Akram Khan Company

3
Reviewer's Rating

After the wonder of Desh, Khan’s solo dance performance which premiered at Sadler’s Wells in 2011, I came to this show expecting an awful lot. Khan is a man who dances beautifully and has the imagination to devise first rate choreography. But after seeing this show, which was commissioned by Sadler’s Wells to celebrate the 100th anniversary of Stravinsky’s Rite of Spring,  one wonders whether commissioned work, generating as it does from another, often committee mind-set, is something artists, especially great artists, should take on. Renaissance artists could do commissions and produce brilliant work and even today, architects work in this fashion, with the best of them subsequently creating visionary built spaces. Commissions, however, rarely seem to bring out superlative work in modern painters, writers or performers. I think the base-line is probably this: if you have already been thinking about an idea and a commission comes along, your end product will work; if you are trying to fit your imagination to someone else’s blueprint, the chances are it won’t.

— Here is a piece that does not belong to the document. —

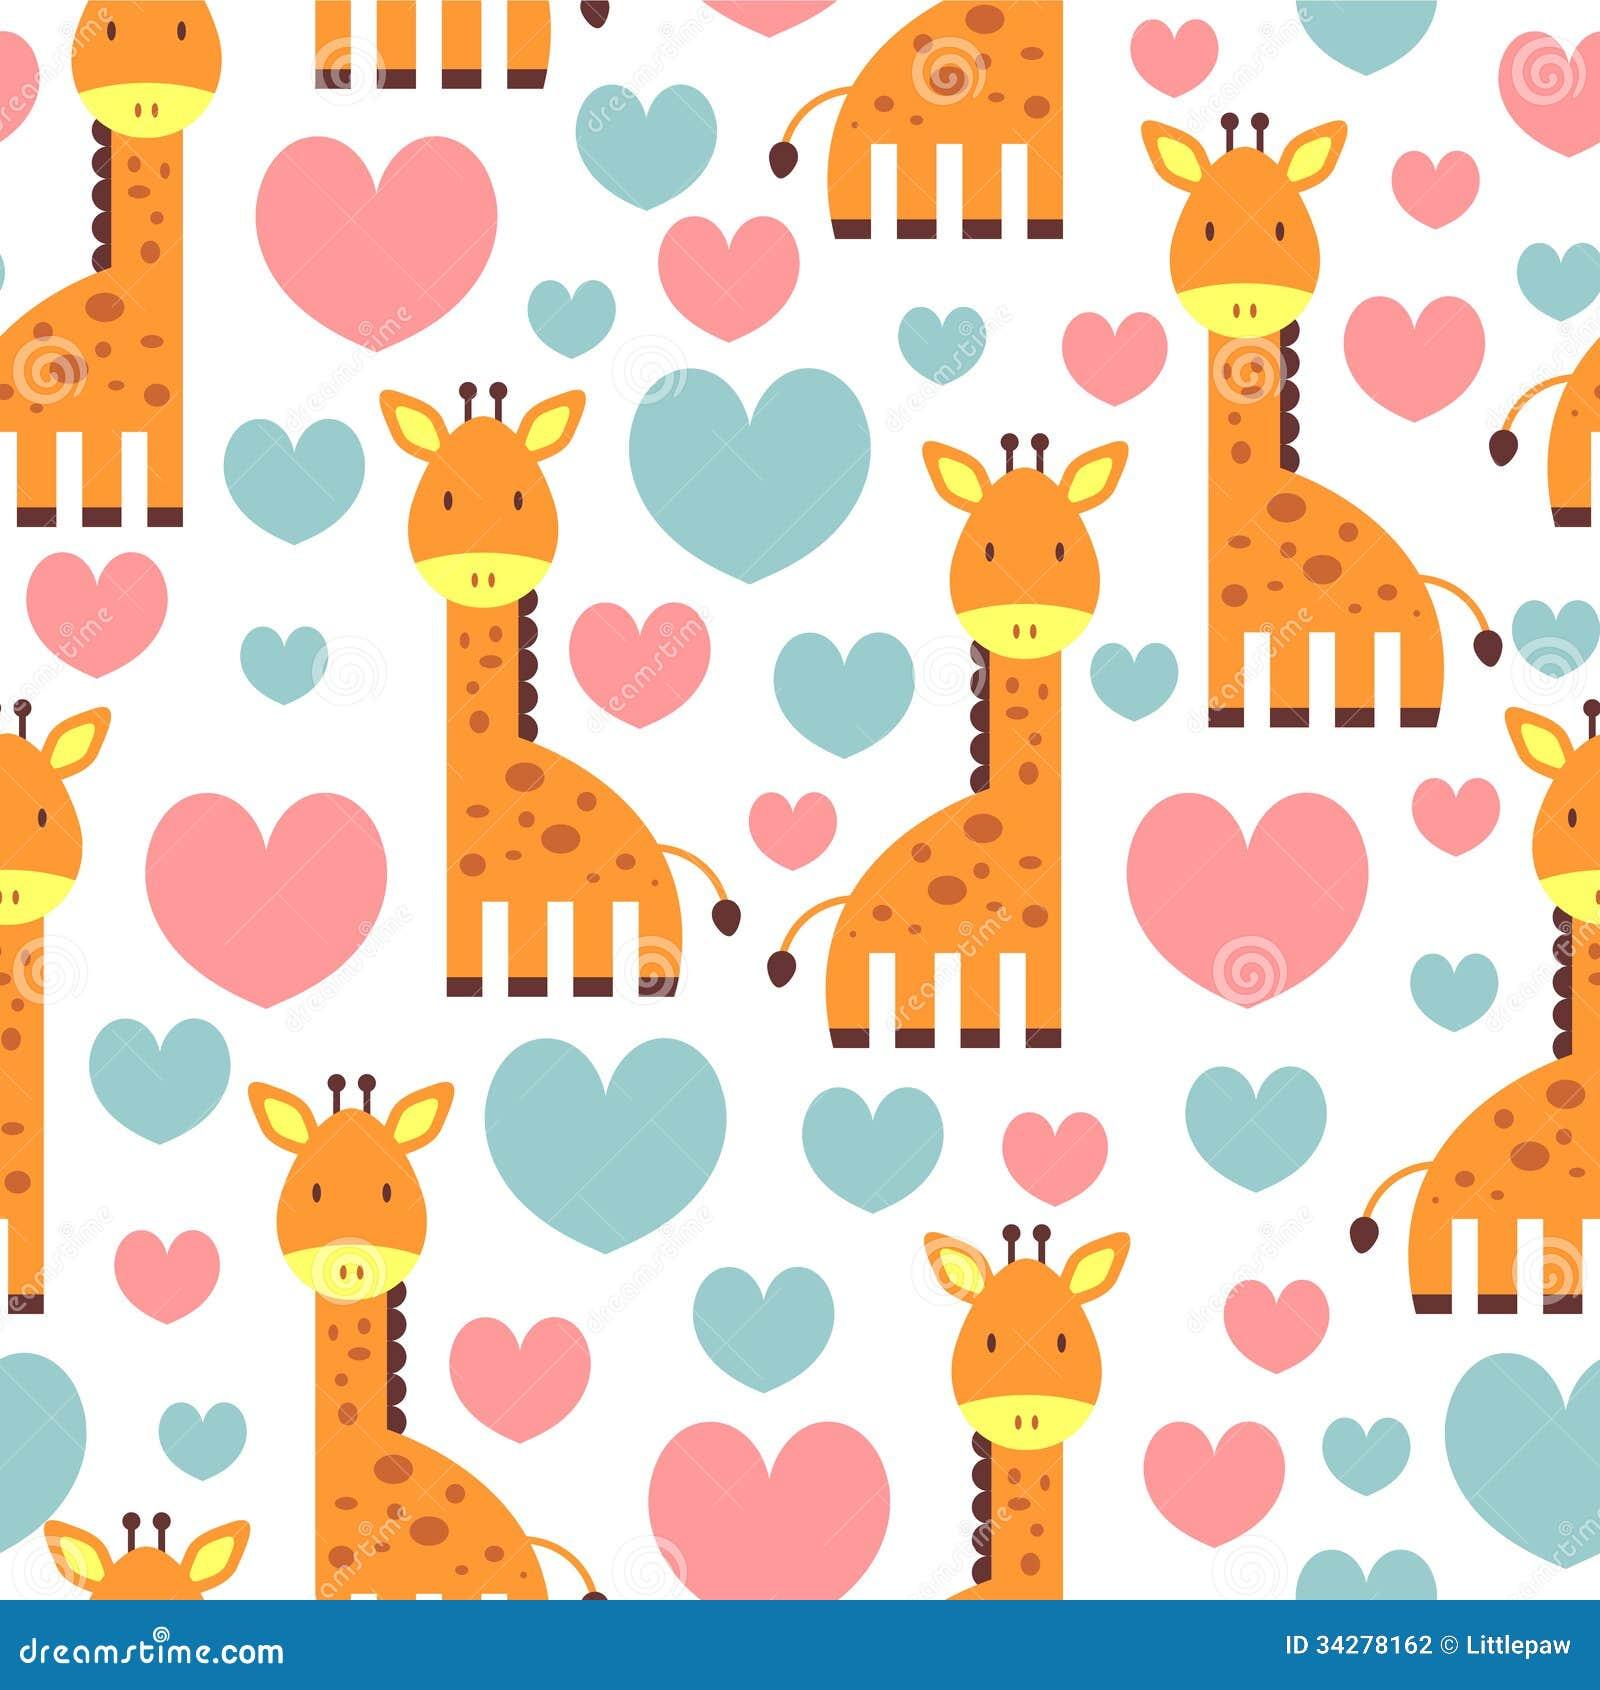 Сute Seamless Pattern With Giraffe Stock Photography

iTMOi (in the mind of Igor [Stravinsky]) has some superb dance sequences and some wonderful visual moments –often the result of Fabiana Piccioli’s excellent lighting design. iTMoi does not use Stravinsky’s music, but rather the work of three commissioned composers:  Nitin Sawhney, Jocelyn Pook and Ben Frost. Their work, created in isolation from one another, is then joined to produce an interlinked score.  iTMoi opens with bells, screams and discordant music which leads onto a German techno pop score and culminates in softer melodic sounds and songs. By using the work of three composers, one supposes Khan is aiming to replicate the unpredictability of Rite. There are, however, four things he directly borrows from Rite: the first is the concept of sacrifice (here, the sacrifice centres around Abraham’s sacrifice, at God’s command, of his only son, Issac; an idea central to all the Abrahamic religions), the narrative arc of a young girl who dances herself to death. The third borrowing is the use of myth, both religious and folk, to tell the story, and the fourth is the play of thematic opposites- in Rite, this is its sound, in itMoi it is both the dance itself and its accompanying sound.

Myth, because of its clear symbolisation, usually works incredibly well in dance. Here, with the use of the two contrary women figures-one stately in a white wired balloon of a Cecil Beaton style dress and the other, wild in a cut-off shirt dress, the use of the horned figure who prowls the stage, the shaman puppet- master in a black Indian sherwani (think of Keanu Reeves in his long coat in The Matrix), the symbolisation feels a little too overstated. In Rite, the balance between cacophony and harmony works. In iTMoi, the same working principle often feels forced.

Ching Yien Chien is an excellent young girl, both in her solo pieces, which are quite stunning, dance-wise and choreography-wise, and in her face-offs with the authoritative Queen figure (Catherine Schaub Abkarian). Abkarian, after gliding across the stage for much of the production, too has a moment where she shines. Having shovelled up the trouble-maker in the group to the depths of her underskirt, she dances using just her arms, more Bharata Natyam style than khatak (one of the dance forms Khan was trained in). Though the dancers do use khatak moves, their bodies are freer, more modern than they would normally be in a strict interpretation of that dance form. There are South Asian reference points running throughout iTMoi: in the dance, the dress, both the shalwar kameezs and the folk horse like figure, and in its use of puppet silhouettes which recall Nepalese dance. Although there are some magical dance sequences, these parts do not make for a convincing whole and although the narrative of this piece is strong, the dots that join it up are too visible to make it truly engaging.

Everyone is allowed a bad day or less than great piece of work. One waits for the return of Khan the virtuoso.